Visa (NYSE: V) and MasterCard (NYSE: MA) are the most widely known and owned, but there are other lesser-known stocks that are just as impressive. These companies facilitate the point-of-sale transaction companies like Visa, MasterCard, American Express (NYSE: AXP), Discover Financial Services (NYSE: DFS), PayPal (Nasdaq: PYPL), Square Inc. (NYSE: SQ), Apple Pay, Google Wallet along with bank debit and credit cards. Such digital payment infrastructure stocks offer technology that focuses on the smooth processing of billions of dollars of daily transactions around the globe. My favorite companies within this space include Global Payments (NYSE: GPN), Total Systems (NYSE: TSS) First Data (NYSE: FDC), Fiserv (Nasdaq: FISV) and Worldpay (NYSE: WP).

These companies operate in both the physical and mobile payment platforms where the compounded annual growth rate (CAGR) of digital payment just in the United States is expected to be 13.5% through 2022. The working term is “digital commerce” and the Transaction Value is set to grow from $2.8 trillion in 2018 to $5.4 trillion in 2022. So, no matter what happens with China, Iran, Turkey, NAFTA, the World Trade Organization, Europe or the mid-term elections, the growth of mobile e-commerce and digital commerce is going to rapidly expand.

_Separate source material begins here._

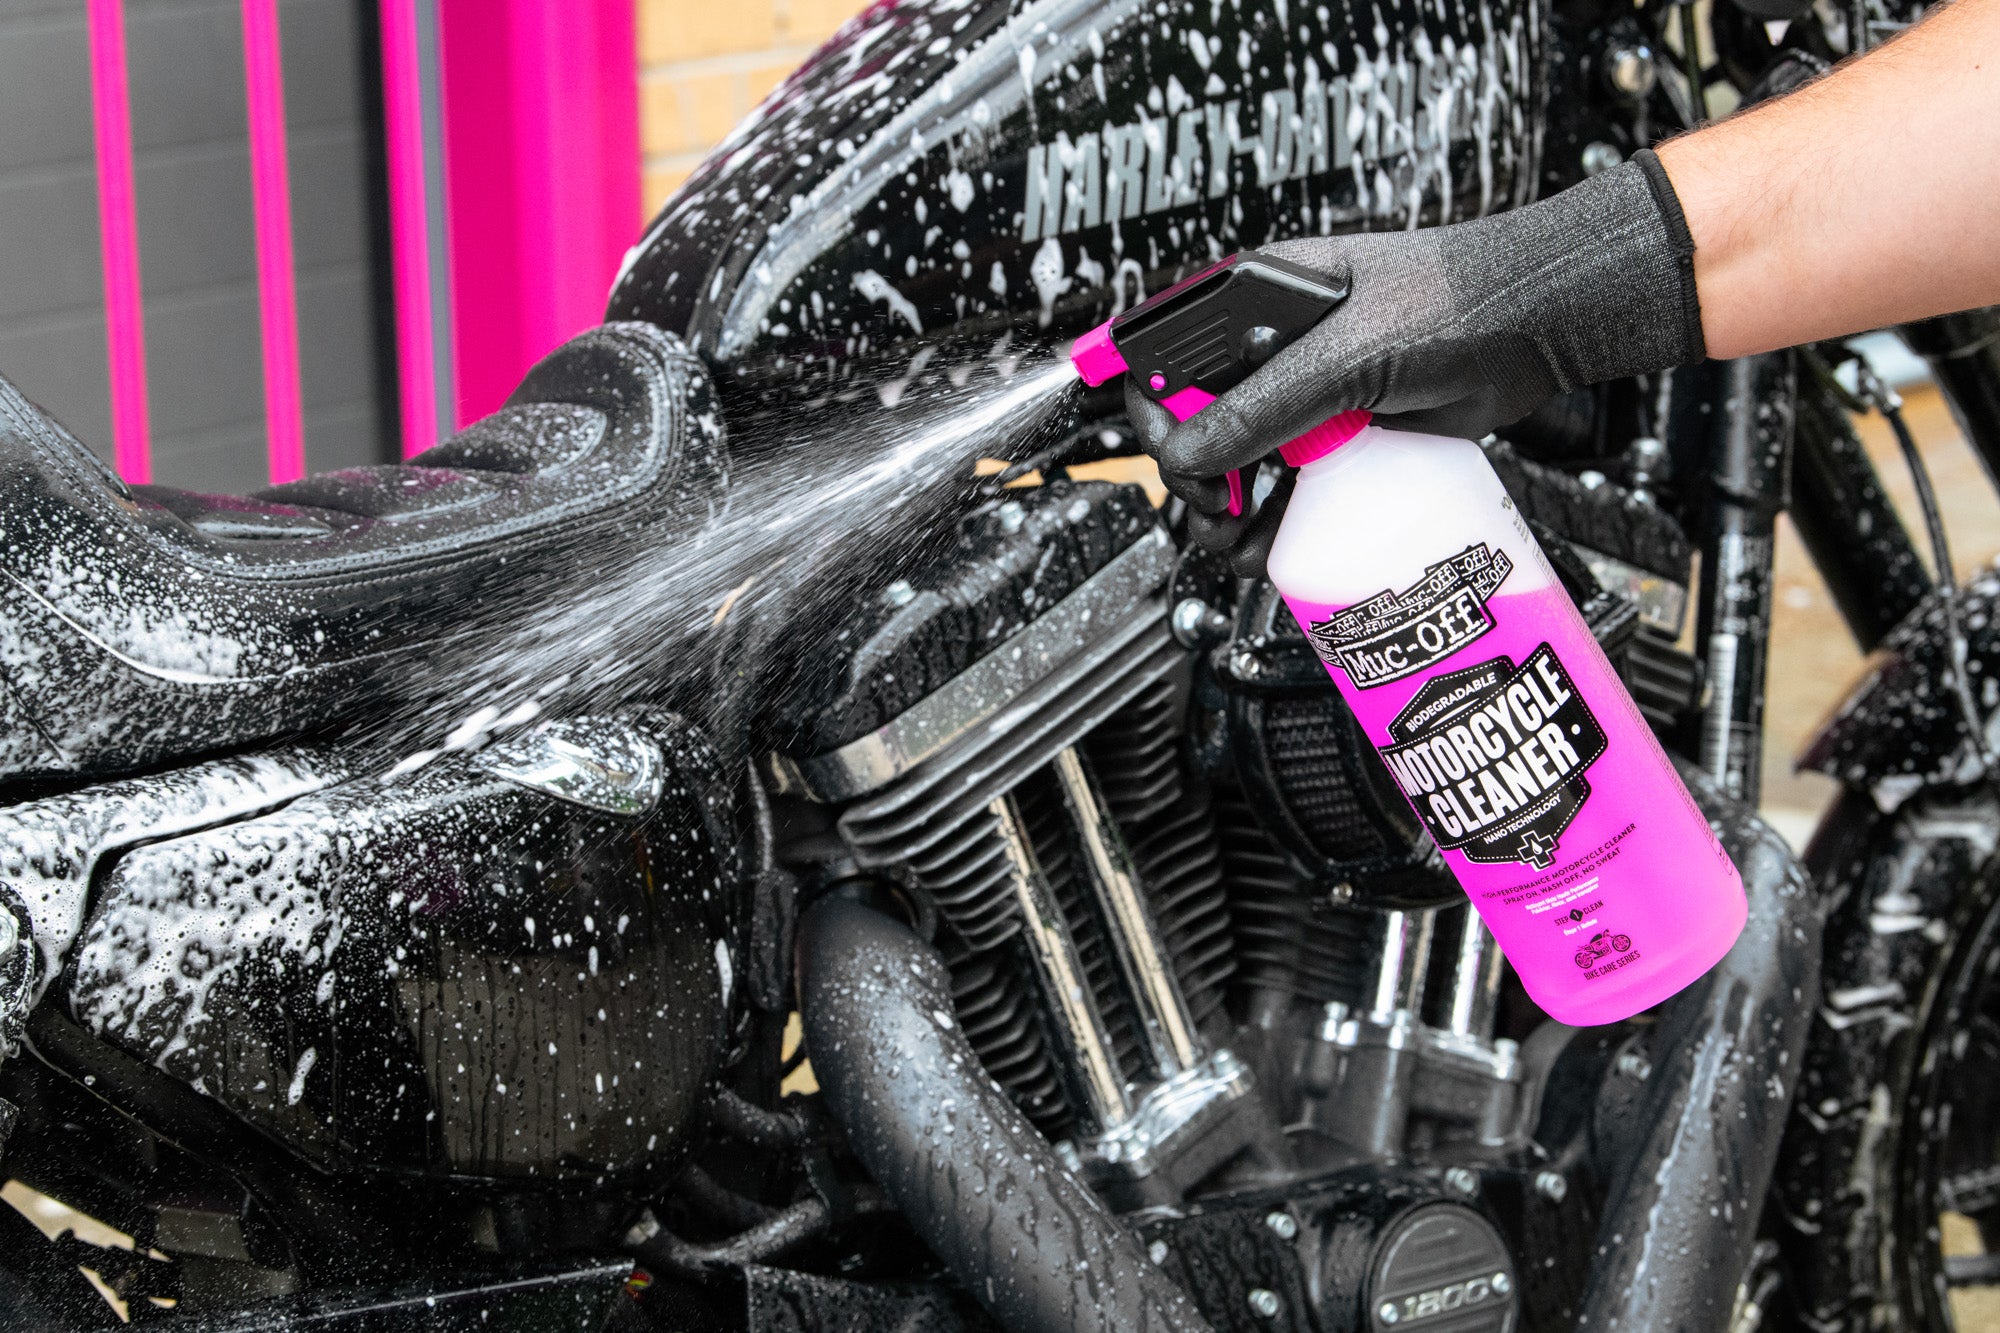 STRIKE HOLD: The BEST Cleaner, LUBRICANT, and PROTECTANT for your  MOTORCYCLE

My view is that any headlines that cross the tape that inflict any short-term price pressure on any of these stocks noted should be used as an opportunity to initiate and add to positions. It is rare that investors can buy into a five-year secular trend within a mature bull market that literally touches all aspects of businesses, governments and individuals. While Wall Street spends billions of dollars researching the “next big thing,” my advice to investors is simple — follow the money.